[YOUR GOAL] You are asked to write out the entries exactly as they are given.
..............................
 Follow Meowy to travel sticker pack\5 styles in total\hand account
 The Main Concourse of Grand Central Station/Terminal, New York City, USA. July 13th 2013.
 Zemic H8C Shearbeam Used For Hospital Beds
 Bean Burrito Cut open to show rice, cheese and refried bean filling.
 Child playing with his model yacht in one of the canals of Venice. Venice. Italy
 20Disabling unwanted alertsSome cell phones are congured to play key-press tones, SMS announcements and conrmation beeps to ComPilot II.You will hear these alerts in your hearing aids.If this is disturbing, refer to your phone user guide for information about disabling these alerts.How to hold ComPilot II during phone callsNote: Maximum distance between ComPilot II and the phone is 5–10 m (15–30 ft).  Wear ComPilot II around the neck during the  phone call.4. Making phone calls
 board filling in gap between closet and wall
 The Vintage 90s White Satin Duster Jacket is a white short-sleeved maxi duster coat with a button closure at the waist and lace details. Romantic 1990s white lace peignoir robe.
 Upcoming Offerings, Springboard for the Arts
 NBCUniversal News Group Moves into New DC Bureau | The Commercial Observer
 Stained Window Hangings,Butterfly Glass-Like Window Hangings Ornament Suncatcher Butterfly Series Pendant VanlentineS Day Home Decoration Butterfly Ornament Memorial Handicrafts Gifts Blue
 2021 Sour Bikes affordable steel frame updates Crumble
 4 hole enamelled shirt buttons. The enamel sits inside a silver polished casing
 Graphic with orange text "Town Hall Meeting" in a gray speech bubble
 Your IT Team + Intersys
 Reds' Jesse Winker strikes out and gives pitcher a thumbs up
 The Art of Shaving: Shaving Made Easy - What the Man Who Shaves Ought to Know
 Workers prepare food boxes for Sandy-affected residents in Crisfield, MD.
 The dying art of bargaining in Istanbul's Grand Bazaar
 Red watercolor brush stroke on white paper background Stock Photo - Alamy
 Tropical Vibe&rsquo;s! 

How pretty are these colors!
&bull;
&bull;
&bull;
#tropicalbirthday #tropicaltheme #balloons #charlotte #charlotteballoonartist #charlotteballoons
..............................
[SOLUTION FOR THIS TASK]
 Follow Meowy to travel sticker pack\5 styles in total\hand account
 The Main Concourse of Grand Central Station/Terminal, New York City, USA. July 13th 2013.
 Zemic H8C Shearbeam Used For Hospital Beds
 Bean Burrito Cut open to show rice, cheese and refried bean filling.
 Child playing with his model yacht in one of the canals of Venice. Venice. Italy
 20Disabling unwanted alertsSome cell phones are congured to play key-press tones, SMS announcements and conrmation beeps to ComPilot II.You will hear these alerts in your hearing aids.If this is disturbing, refer to your phone user guide for information about disabling these alerts.How to hold ComPilot II during phone callsNote: Maximum distance between ComPilot II and the phone is 5–10 m (15–30 ft).  Wear ComPilot II around the neck during the  phone call.4. Making phone calls
 board filling in gap between closet and wall
 The Vintage 90s White Satin Duster Jacket is a white short-sleeved maxi duster coat with a button closure at the waist and lace details. Romantic 1990s white lace peignoir robe.
 Upcoming Offerings, Springboard for the Arts
 NBCUniversal News Group Moves into New DC Bureau | The Commercial Observer
 Stained Window Hangings,Butterfly Glass-Like Window Hangings Ornament Suncatcher Butterfly Series Pendant VanlentineS Day Home Decoration Butterfly Ornament Memorial Handicrafts Gifts Blue
 2021 Sour Bikes affordable steel frame updates Crumble
 4 hole enamelled shirt buttons. The enamel sits inside a silver polished casing
 Graphic with orange text "Town Hall Meeting" in a gray speech bubble
 Your IT Team + Intersys
 Reds' Jesse Winker strikes out and gives pitcher a thumbs up
 The Art of Shaving: Shaving Made Easy - What the Man Who Shaves Ought to Know
 Workers prepare food boxes for Sandy-affected residents in Crisfield, MD.
 The dying art of bargaining in Istanbul's Grand Bazaar
 Red watercolor brush stroke on white paper background Stock Photo - Alamy
 Tropical Vibe&rsquo;s! 

How pretty are these colors!
&bull;
&bull;
&bull;
#tropicalbirthday #tropicaltheme #balloons #charlotte #charlotteballoonartist #charlotteballoons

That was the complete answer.